In so doing, the Labour Party’s pernicious influence pervades all levels of trade union structures, including Labour’s imperialist and anti-worker positions on subjects which directly affect trade unions, like strike action and anti-trade union legislation. The ideology which underpins the Labour Party’s policies also underpins the political outlook of senior trade union officials: They lack class consciousness, they see the working class as the object of their politics rather than the subject of their politics; as a charity case rather than the locus of a movement which would see them ascend to a point where they will run society for themselves, and they have no desire whatsoever to allow trade union members to become either better educated, motivated or engaged in the democratic processes of their trade union, as they will then be better equipped to overthrow them.

One thing which binds these trade union officials together is the belief that the working class’s cup runneth over in 1945 as we were benevolently bestowed with a veritable bounty of benefits by the Labour Party, including housing, the welfare state, the founding of the NHS and 20% of the economy nationalised. They live in perpetual fealty to the Labour Party in the belief that this brief period, and the short-lived transformation it brought, can be repeated, if only the ‘right’ (no pun intended) Labour Government could be elected.

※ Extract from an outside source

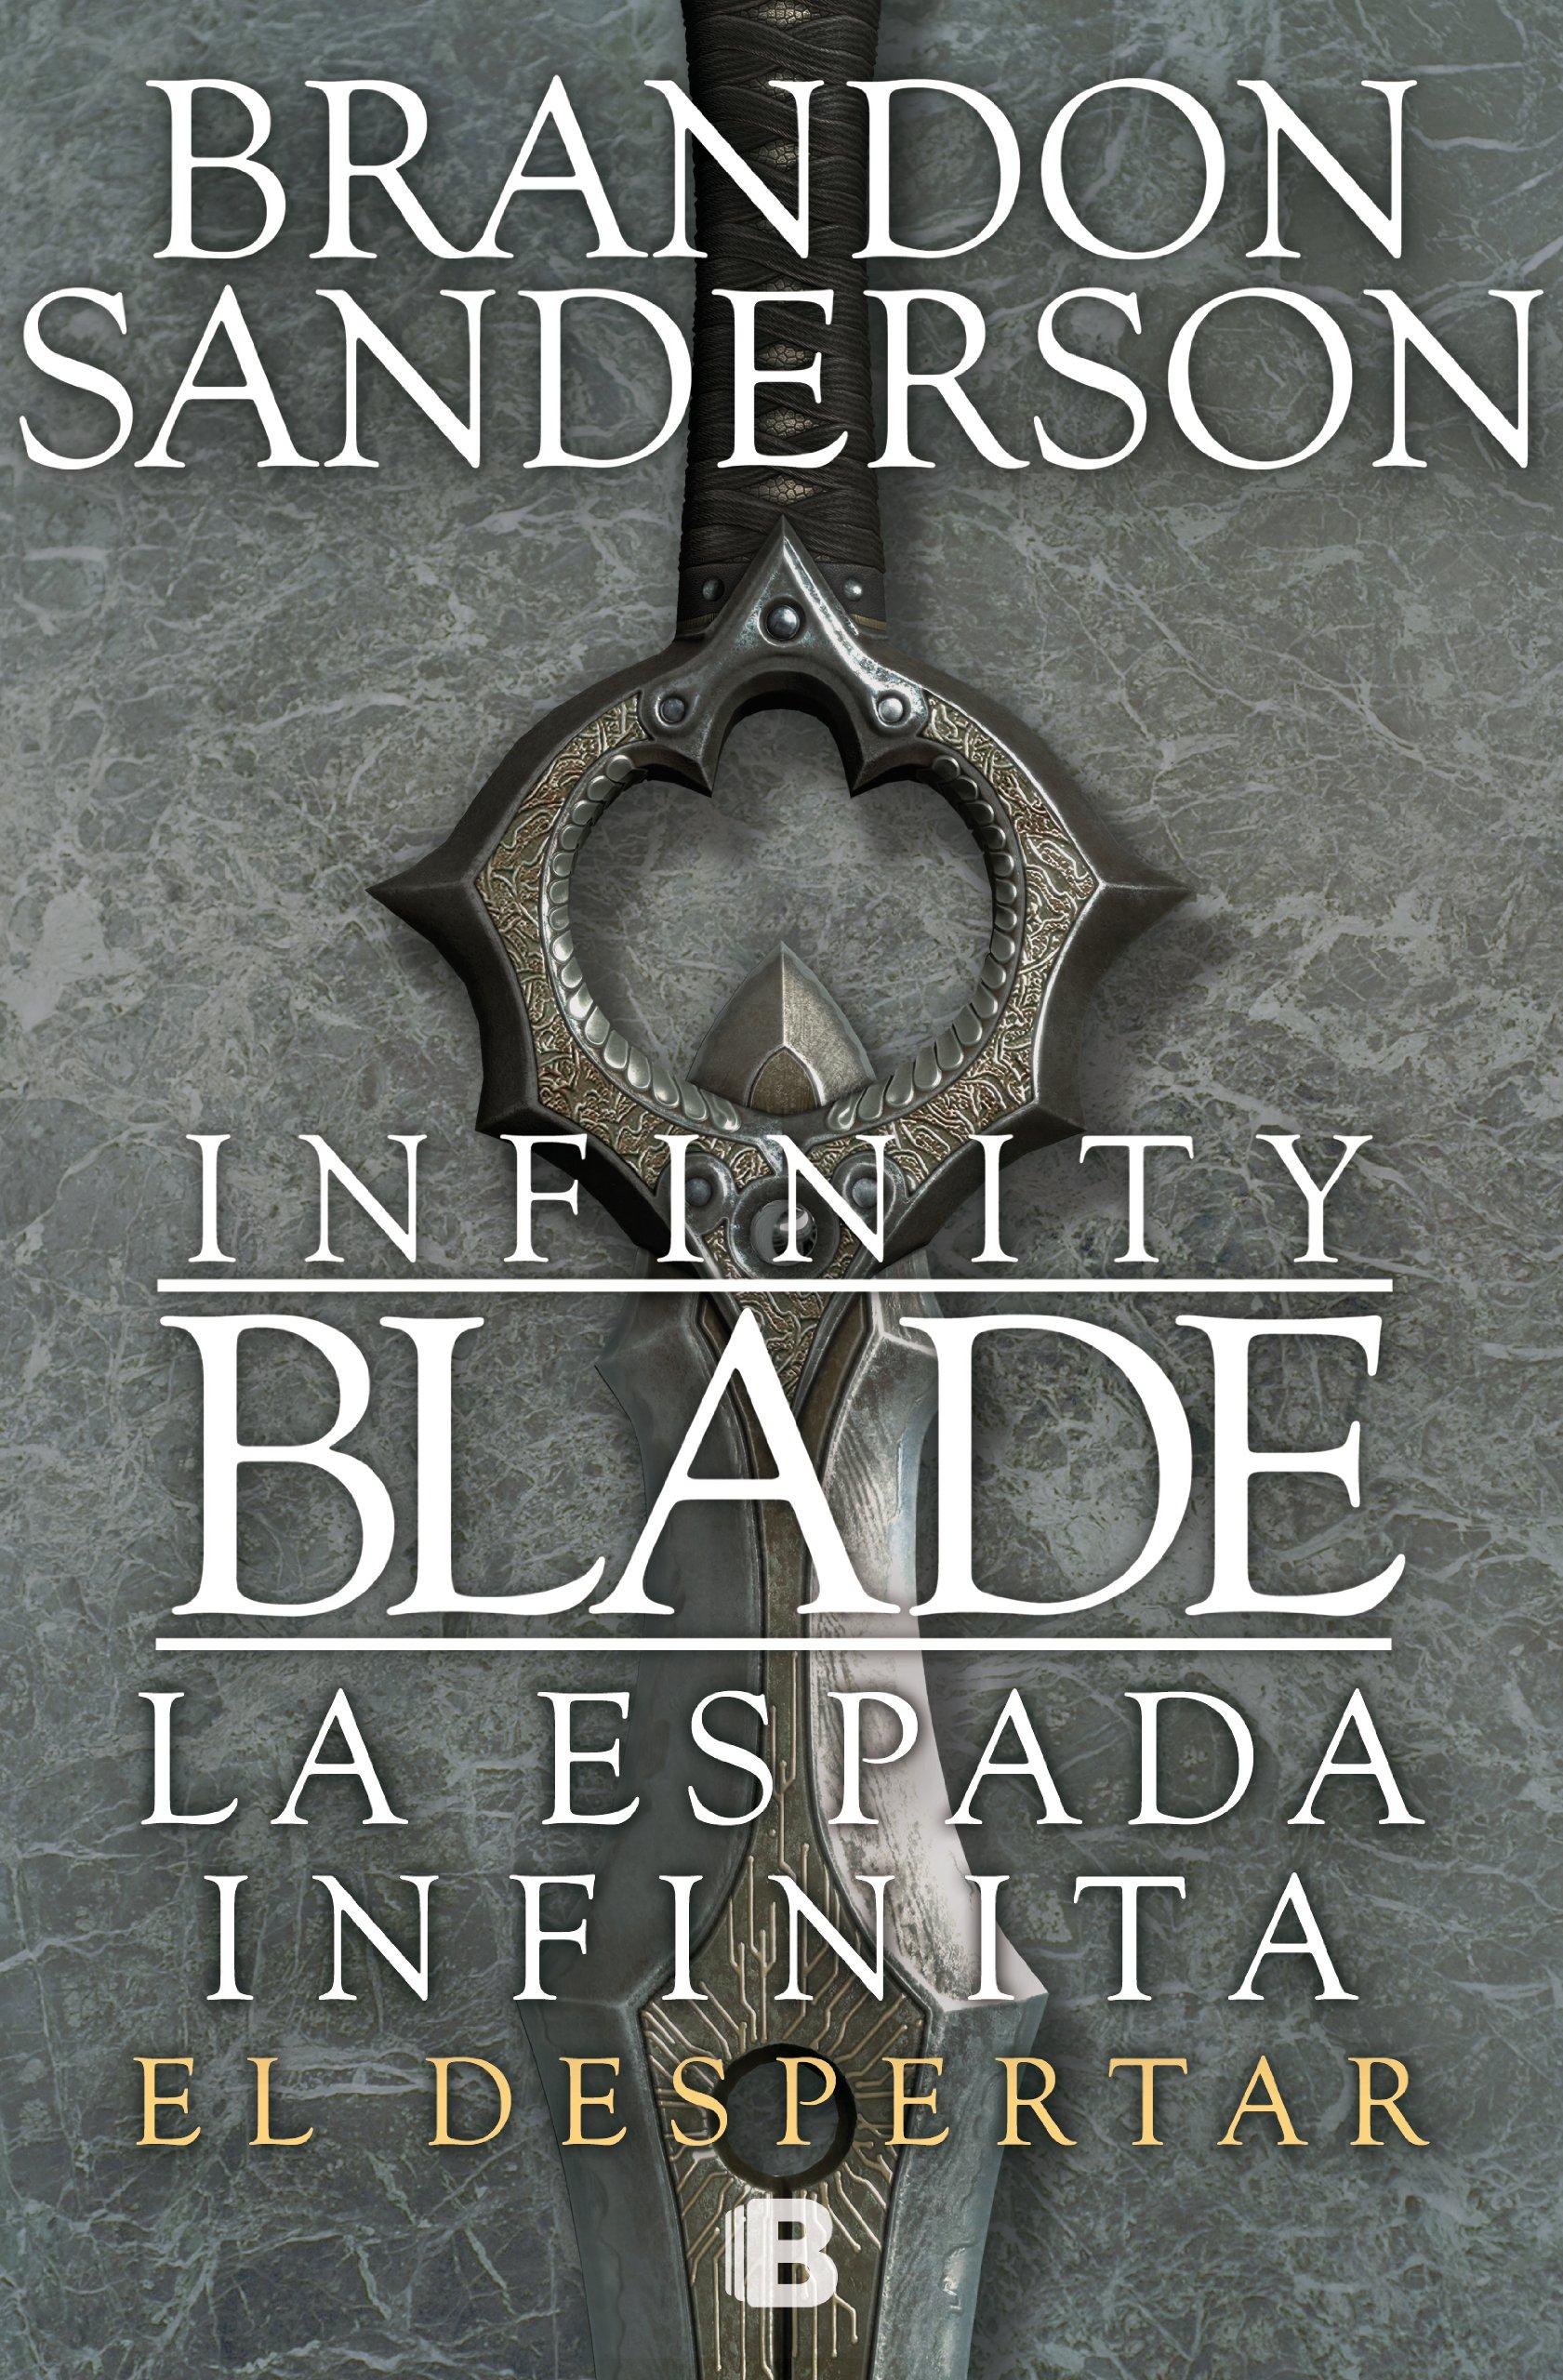 El despertar (Infinity Blade [La espada infinita] 1) (Nova) Tapa blanda – 3 jul 2013 Brandon Sanderson Bediciones 8466653619 Fantasy fiction.

Sadly, this brief period of generosity from our elected oppressors cannot be repeated today because the circumstances which brought it into being in the first place do not exist anymore. The Soviet Union, the example of a triumphant workers’ state, has long gone, the Americans are in no position to lend us the money we would need (which they did predominantly because they were as keen as anyone to avoid Britain slipping into communism) and there is no empire to loot or colonial subjects to hyper-exploit to help pay for it. But Labour members wilfully ignore history or simply have no idea of the circumstances of the birth of the welfare state and why it actually came into being.

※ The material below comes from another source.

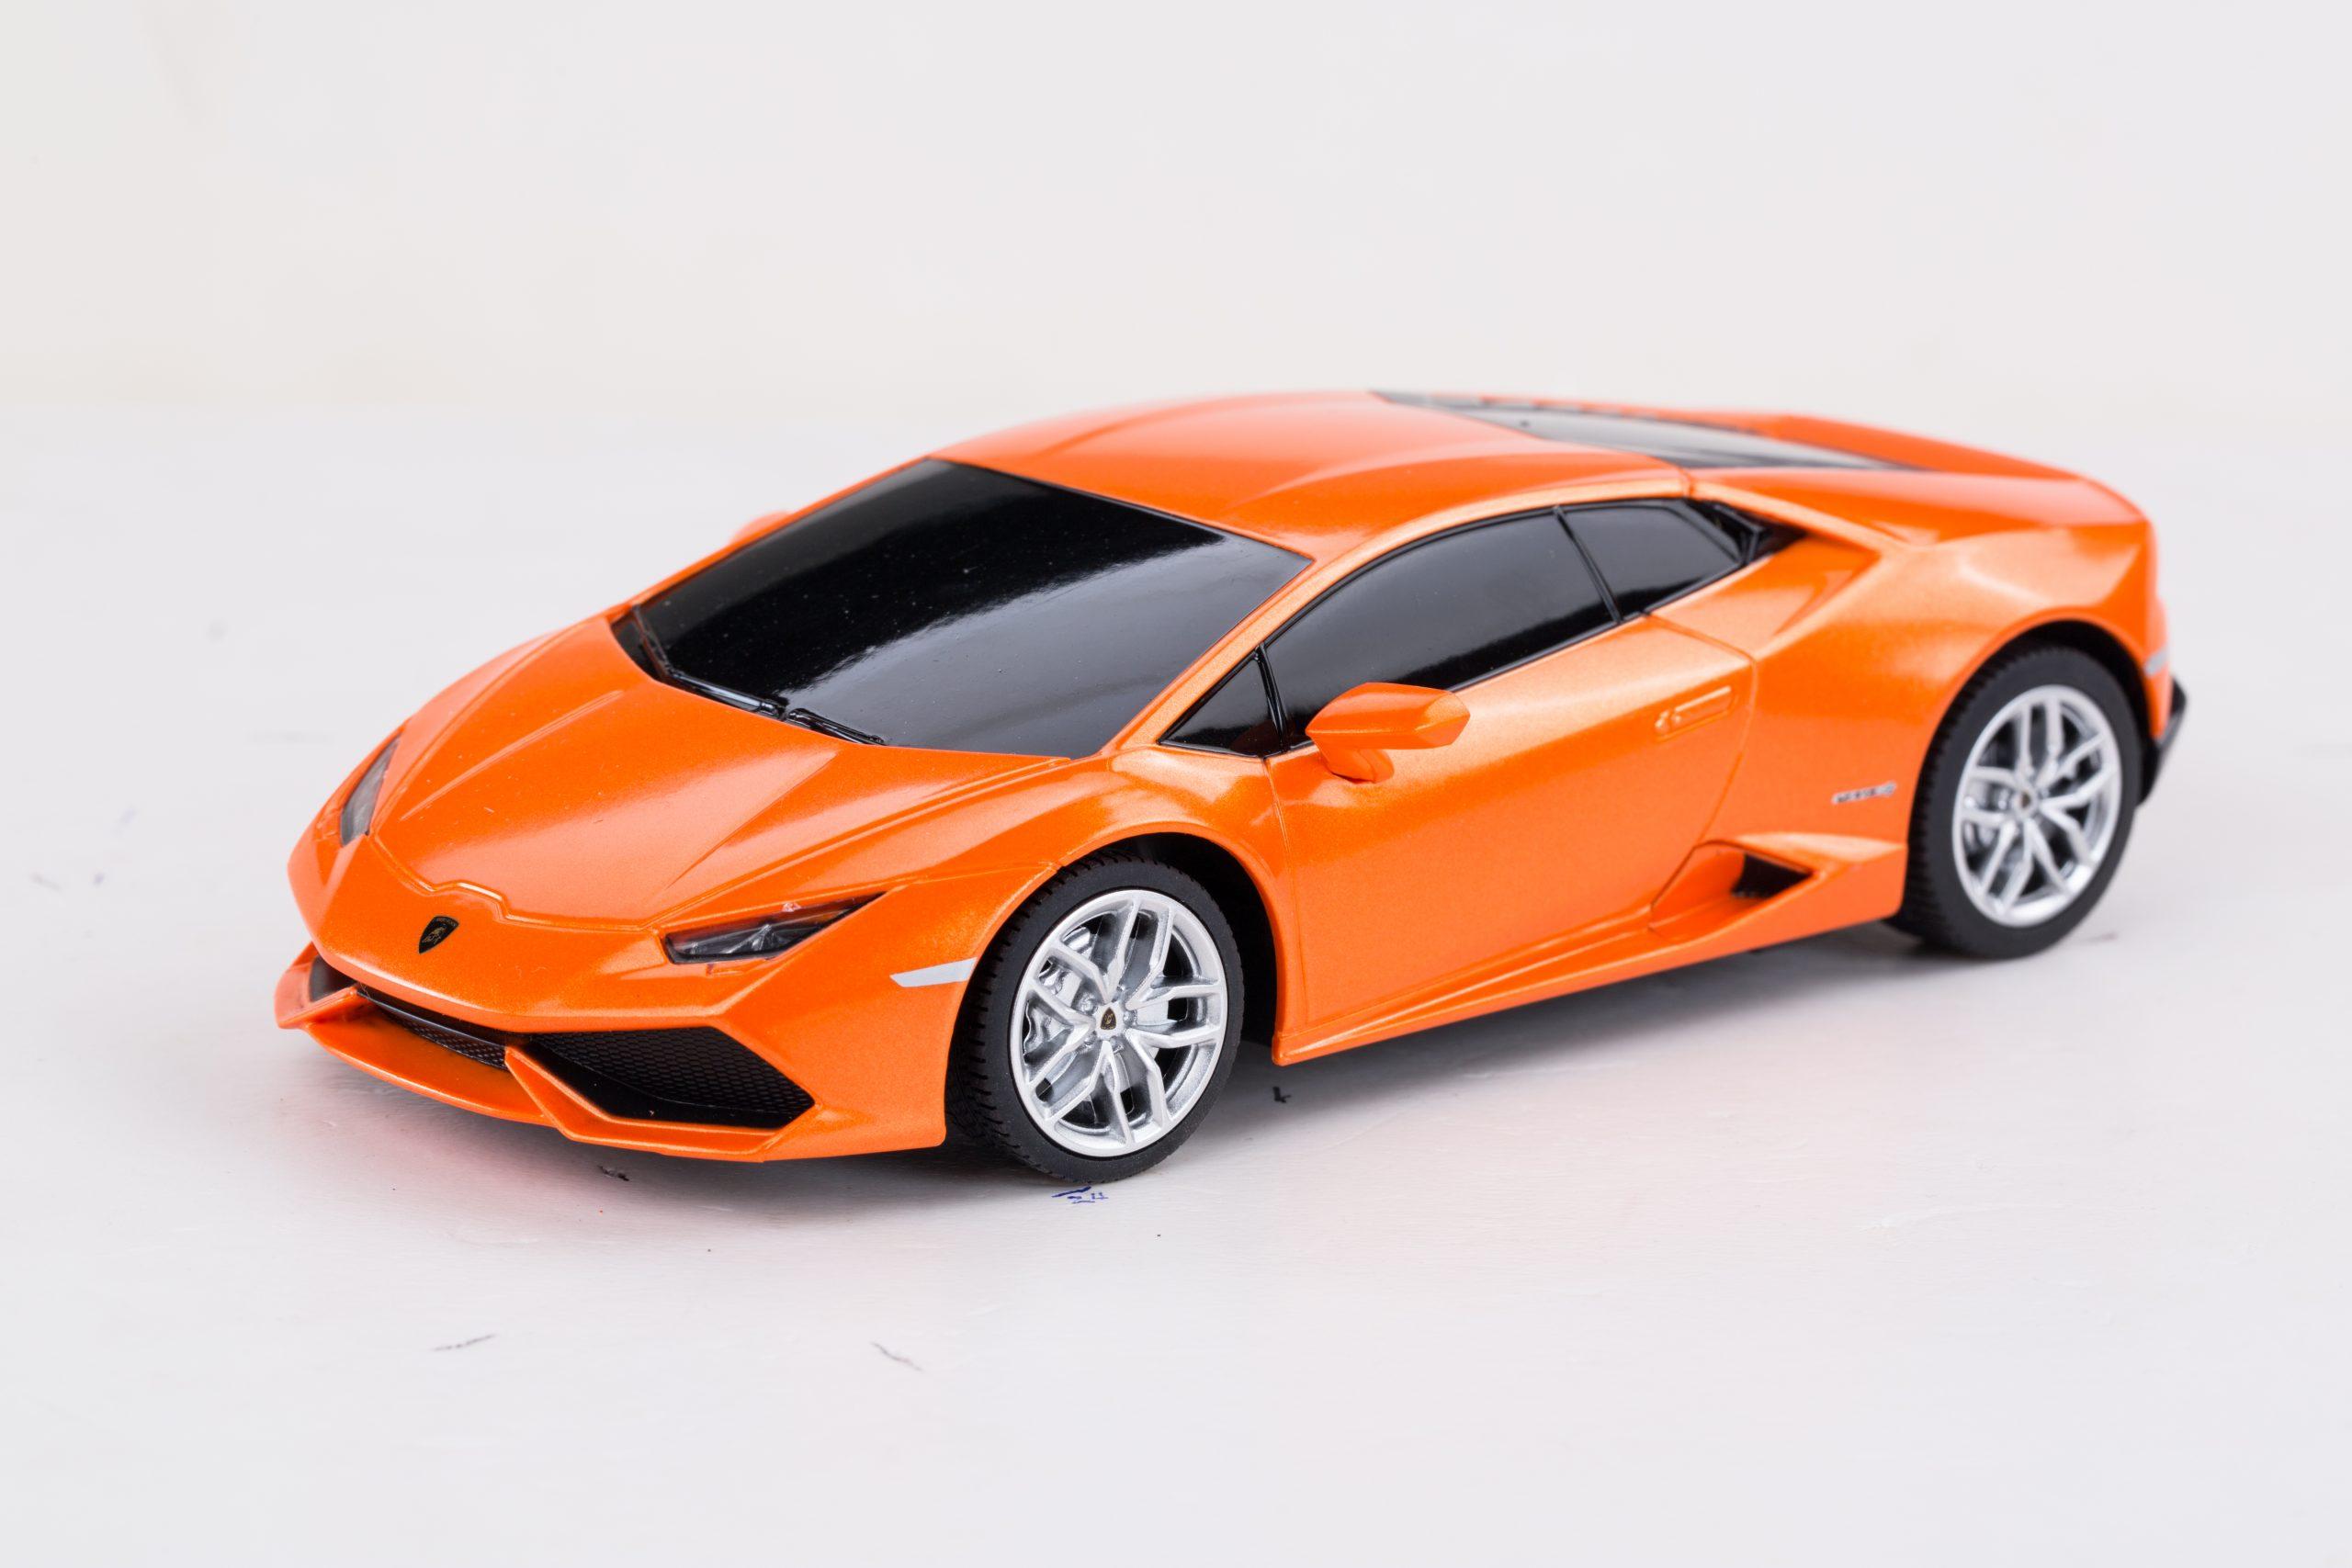 Lamborghini r/c 1:24

The second reason for the failure of modern trade unions is that they are as disconnected from the mass of the working class and each other as they have ever been. In the post-war period, working class solidarity was in its peak period in the 1970s: This period is replete with examples of workers taking it upon themselves to act against not only their own employers, but often against their own trade unions and in solidarity with their comrades. Rank and file trade union members were, first and foremost, working class people: The union to which they belonged was secondary. This shared philosophy was built on a strong working-class consciousness and the belief that workers’ struggles were shared across regions, industries and nations. When working class disputes broke out, other working-class people would always rally to their cause. When workers who were industrially weak tried to stand up for themselves, industrially strong workers, aware of their strength, would come to their aid. The working class in the 1970s were capable to toppling governments and did just that to Ted Heath’s Conservative Government in 1974.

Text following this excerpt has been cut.